WORK ITEM:
What's needed is an exact copy of the lines from the one that contains "Vehicle transport services" to the end of the data below, leaving the pictures out.

SOURCE MATERIAL:
::::::

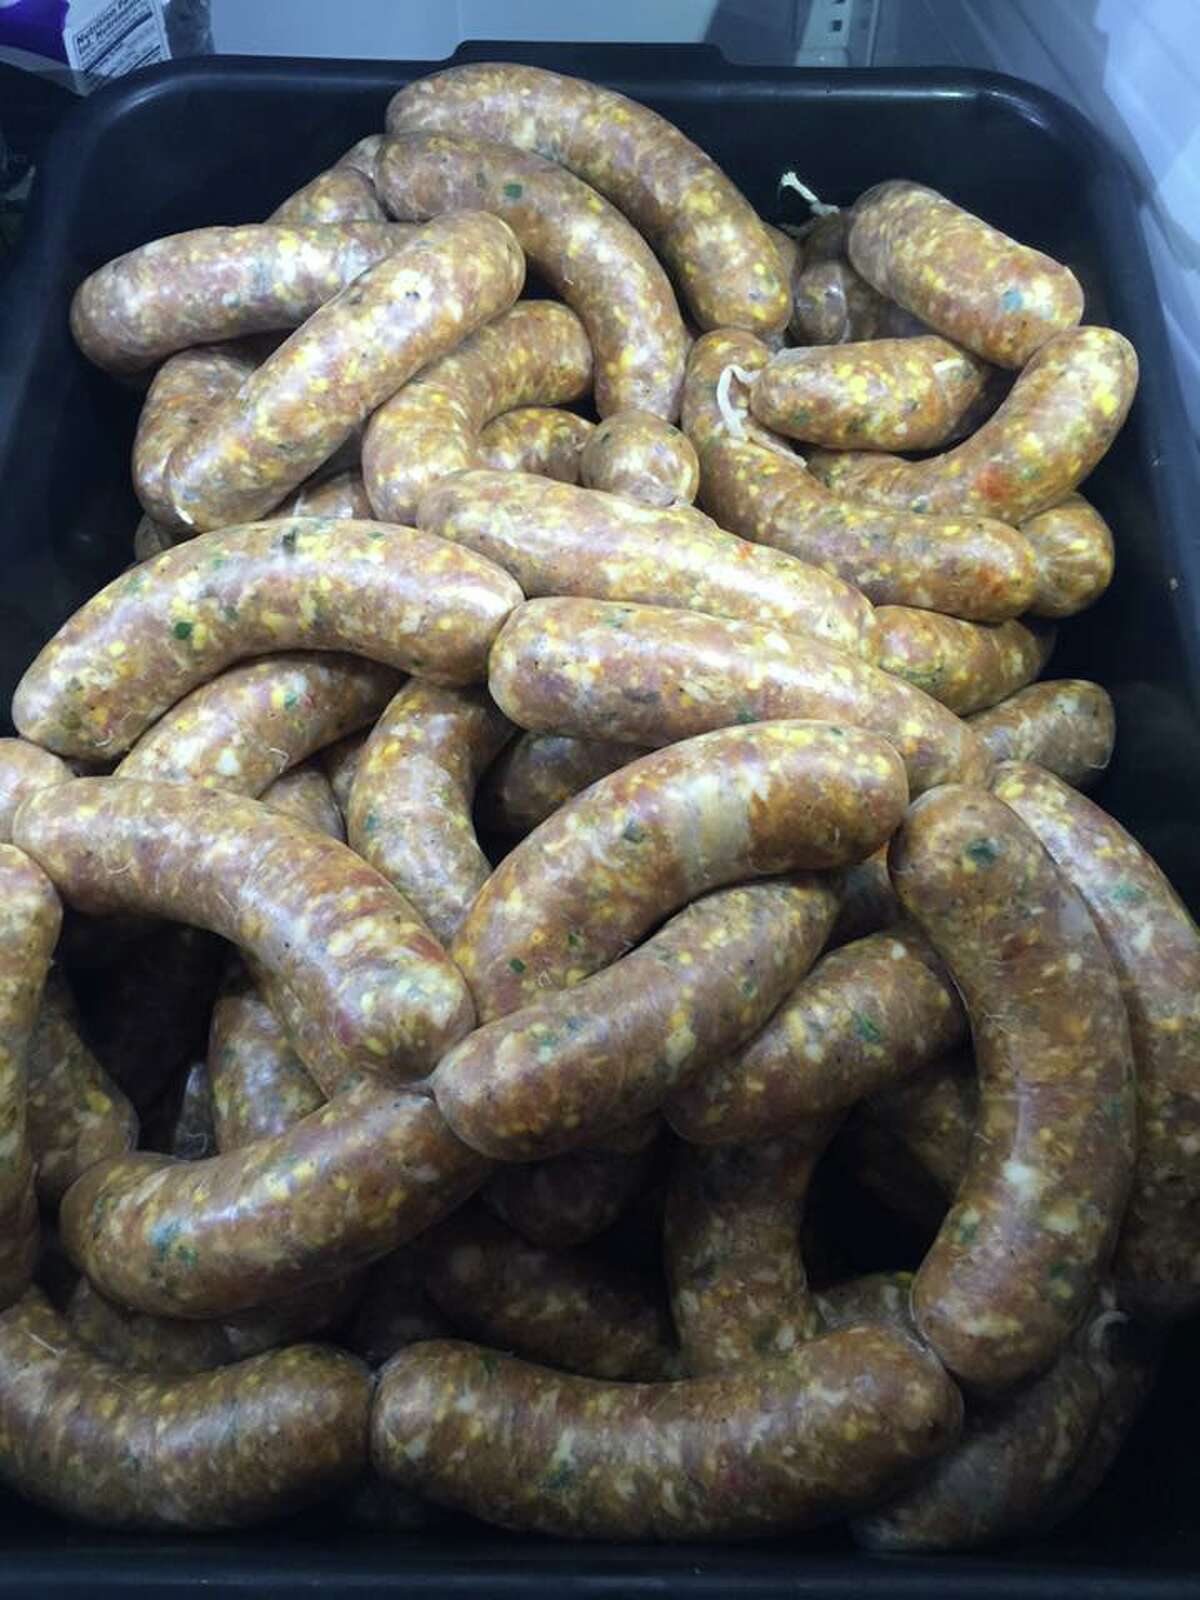 John Avila created this sausage for a pop-up at at Luke's Icehouse.
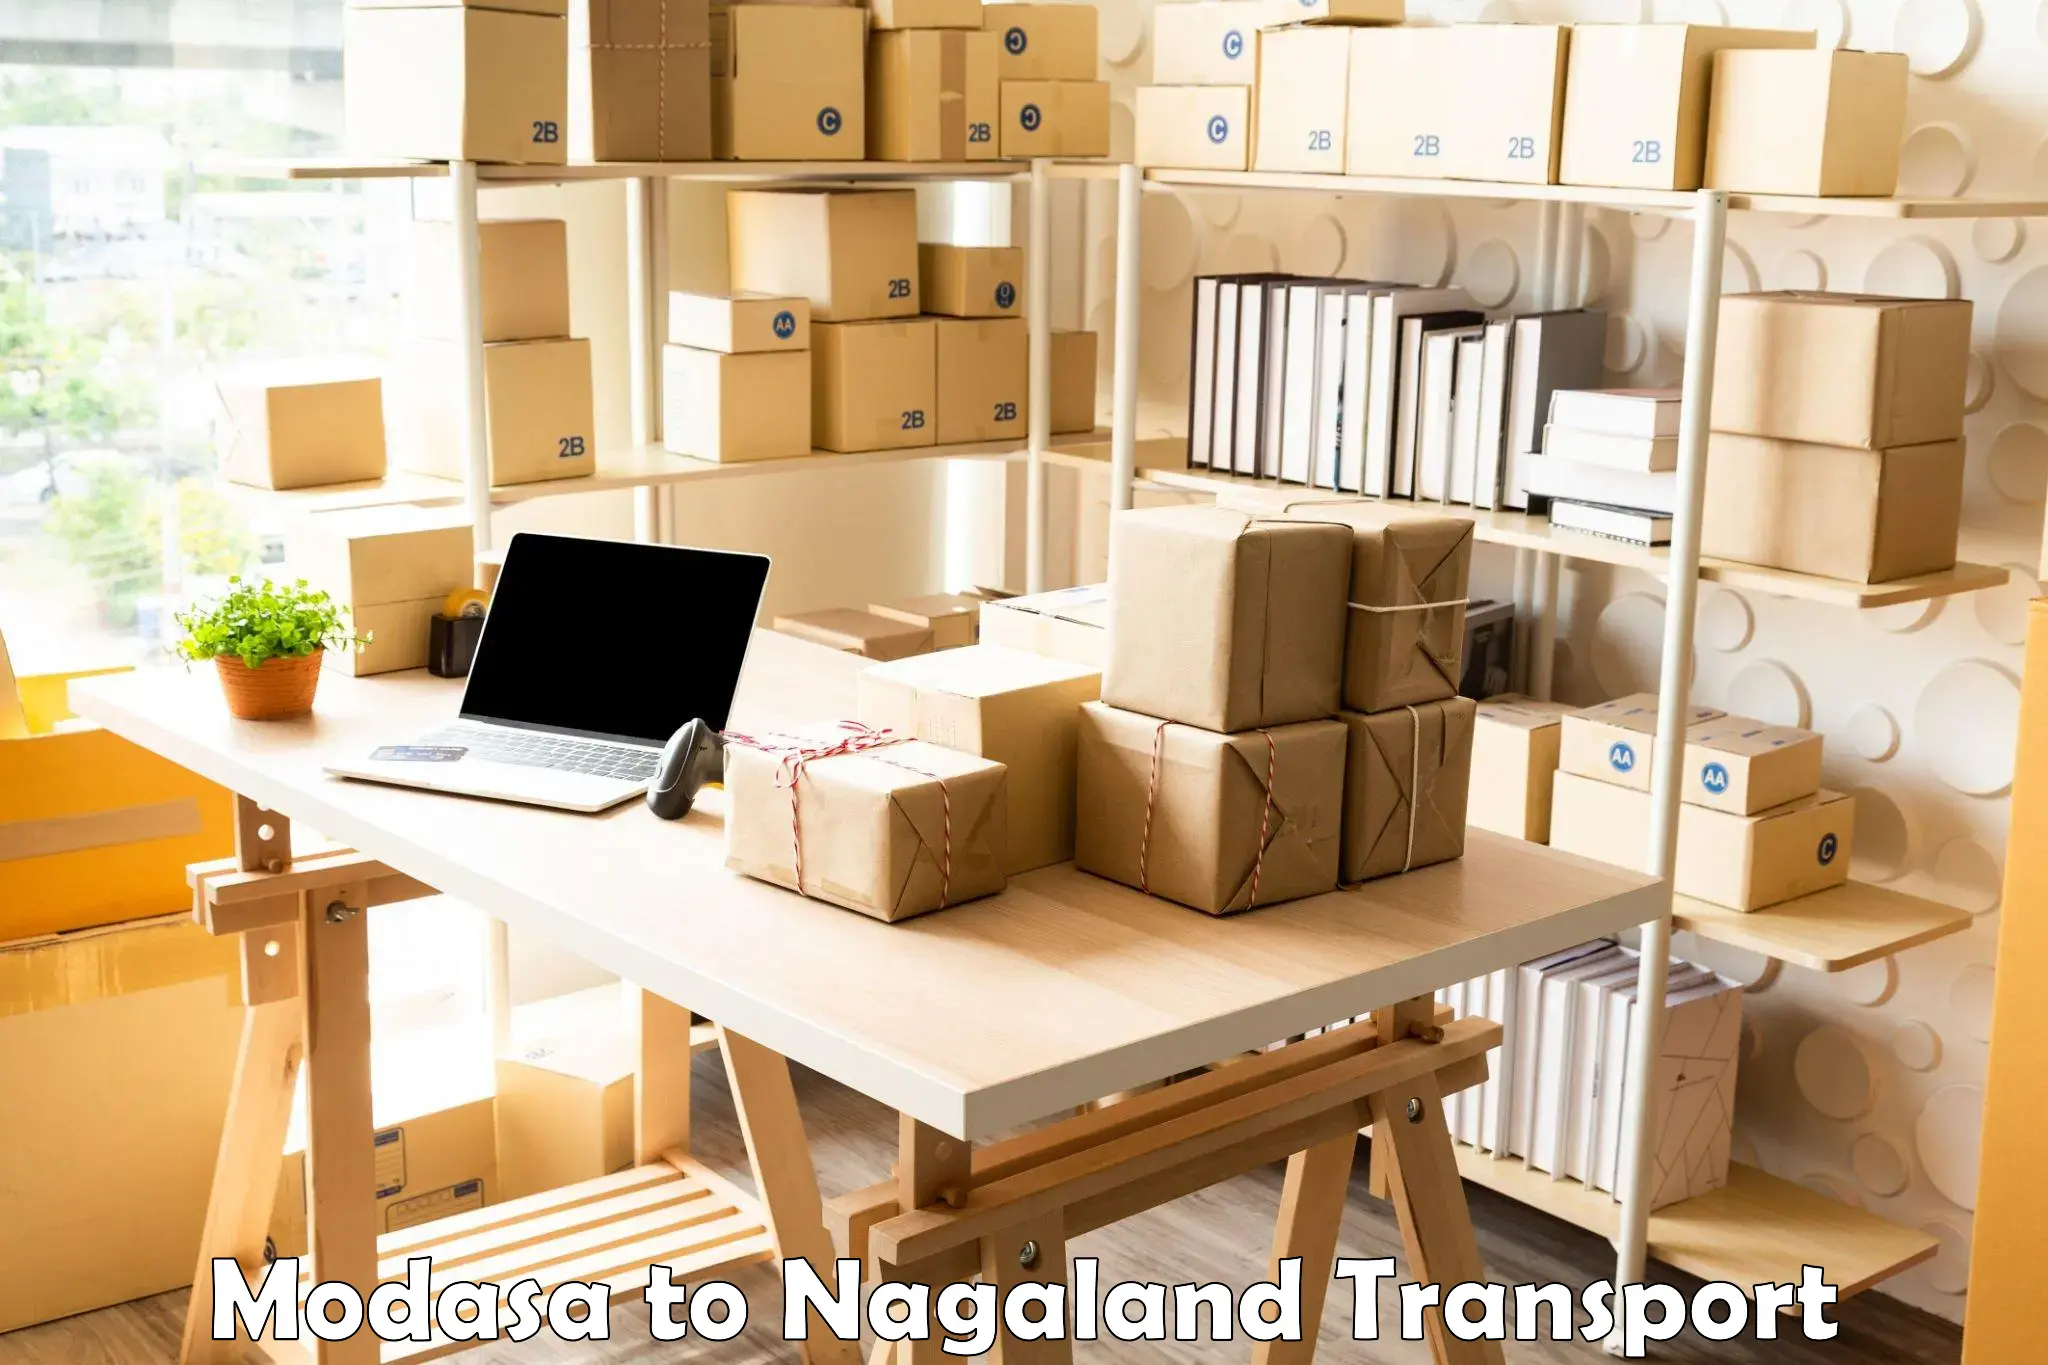 Vehicle transport services in Modasa to Nagaland
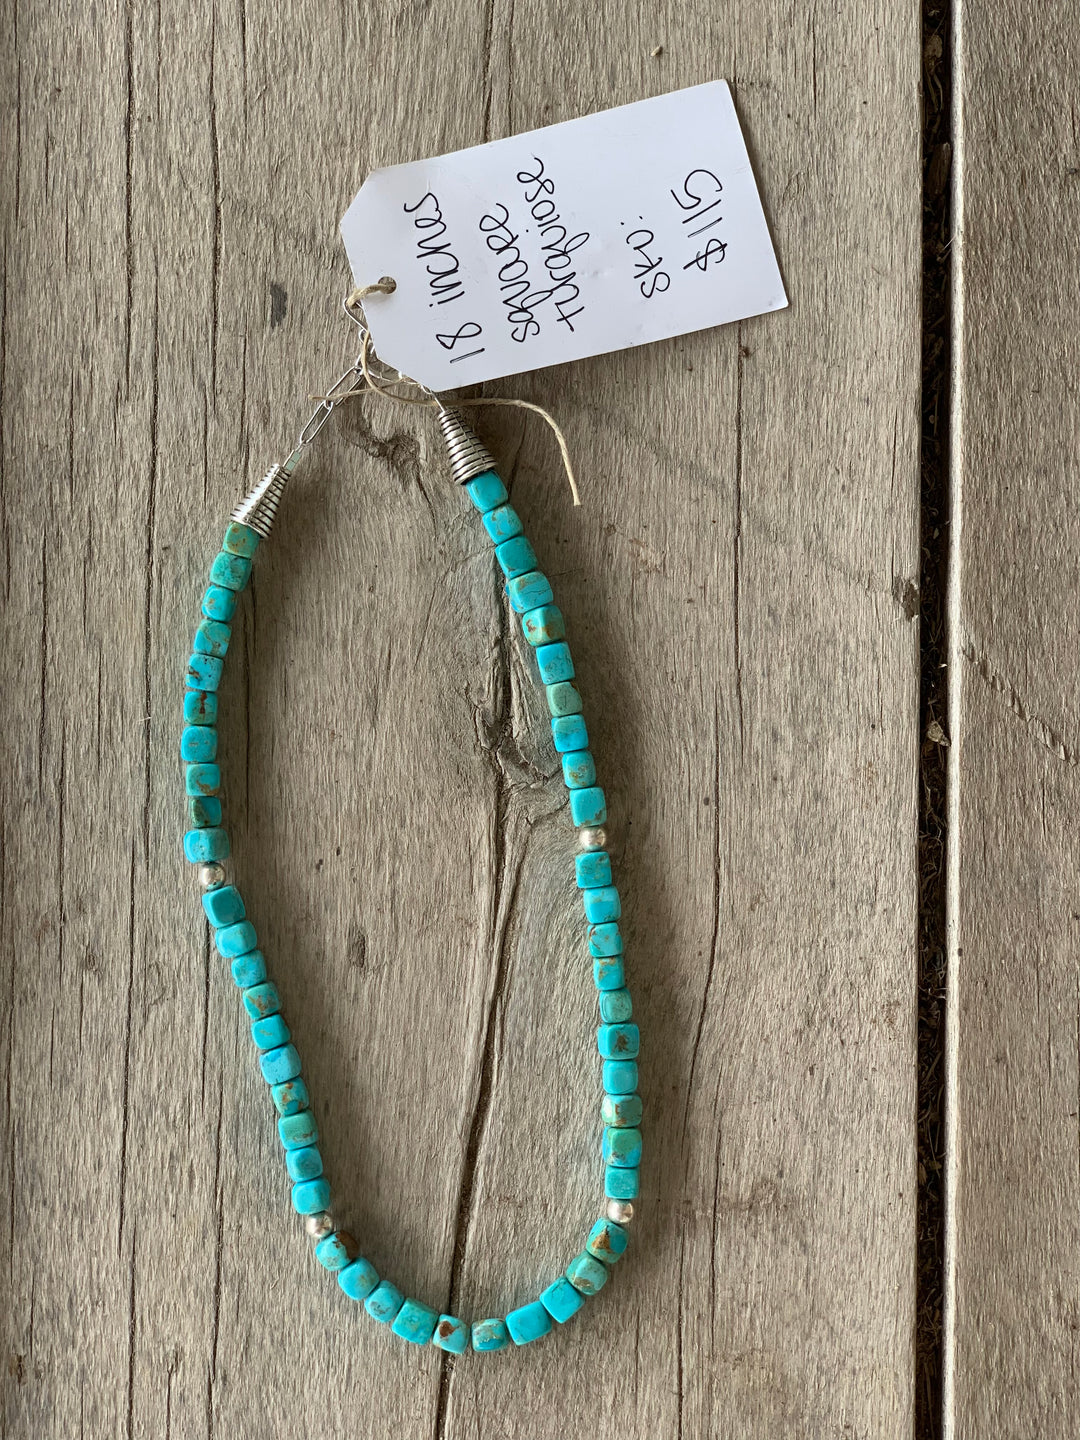 Rustic Rose Jewelry | 18” Square Turquoise Necklace
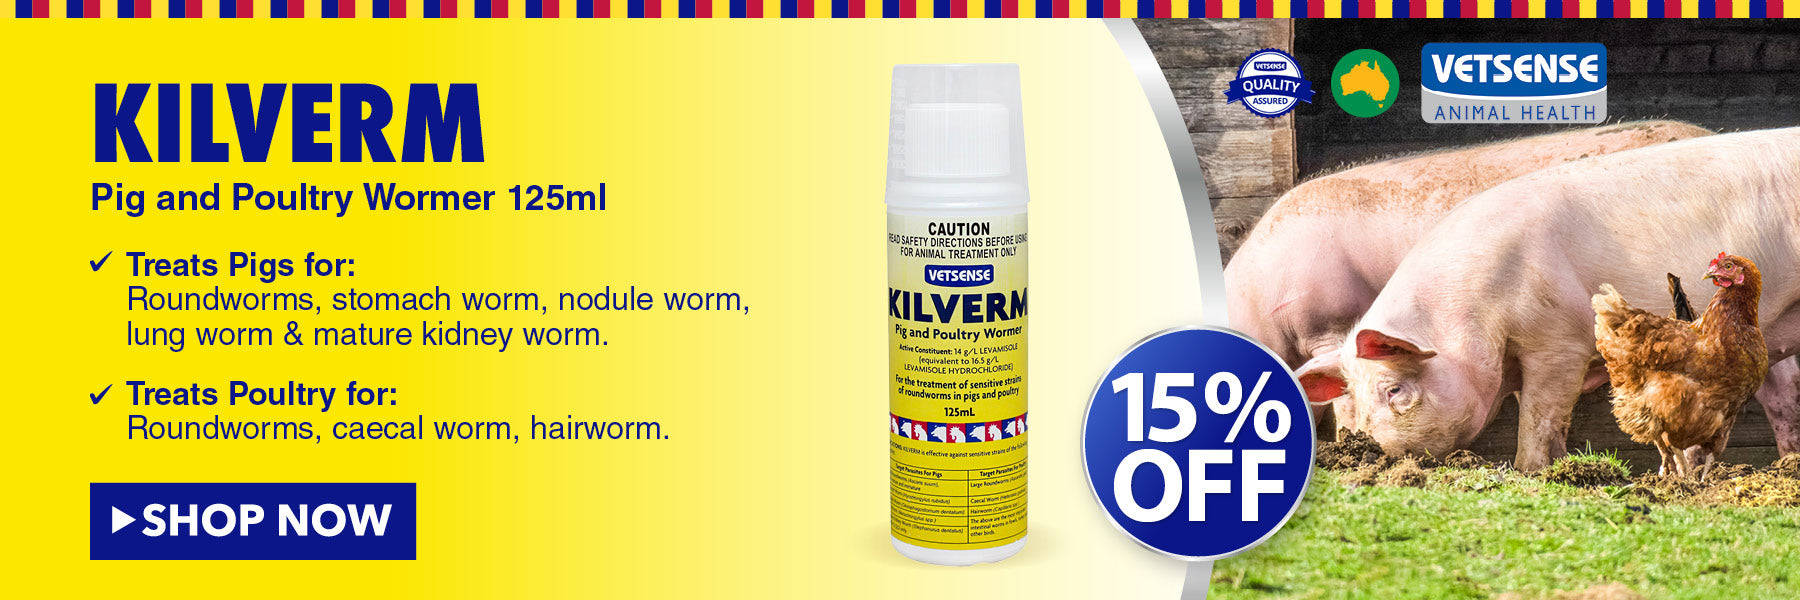 Kilverm Pig & Poultry Wormer ON SALE NOW

::::::

EXERCISE RESULT:
 Vehicle transport services in Modasa to Nagaland
 Rustic Rose Jewelry | 18” Square Turquoise Necklace
 Kilverm Pig & Poultry Wormer ON SALE NOW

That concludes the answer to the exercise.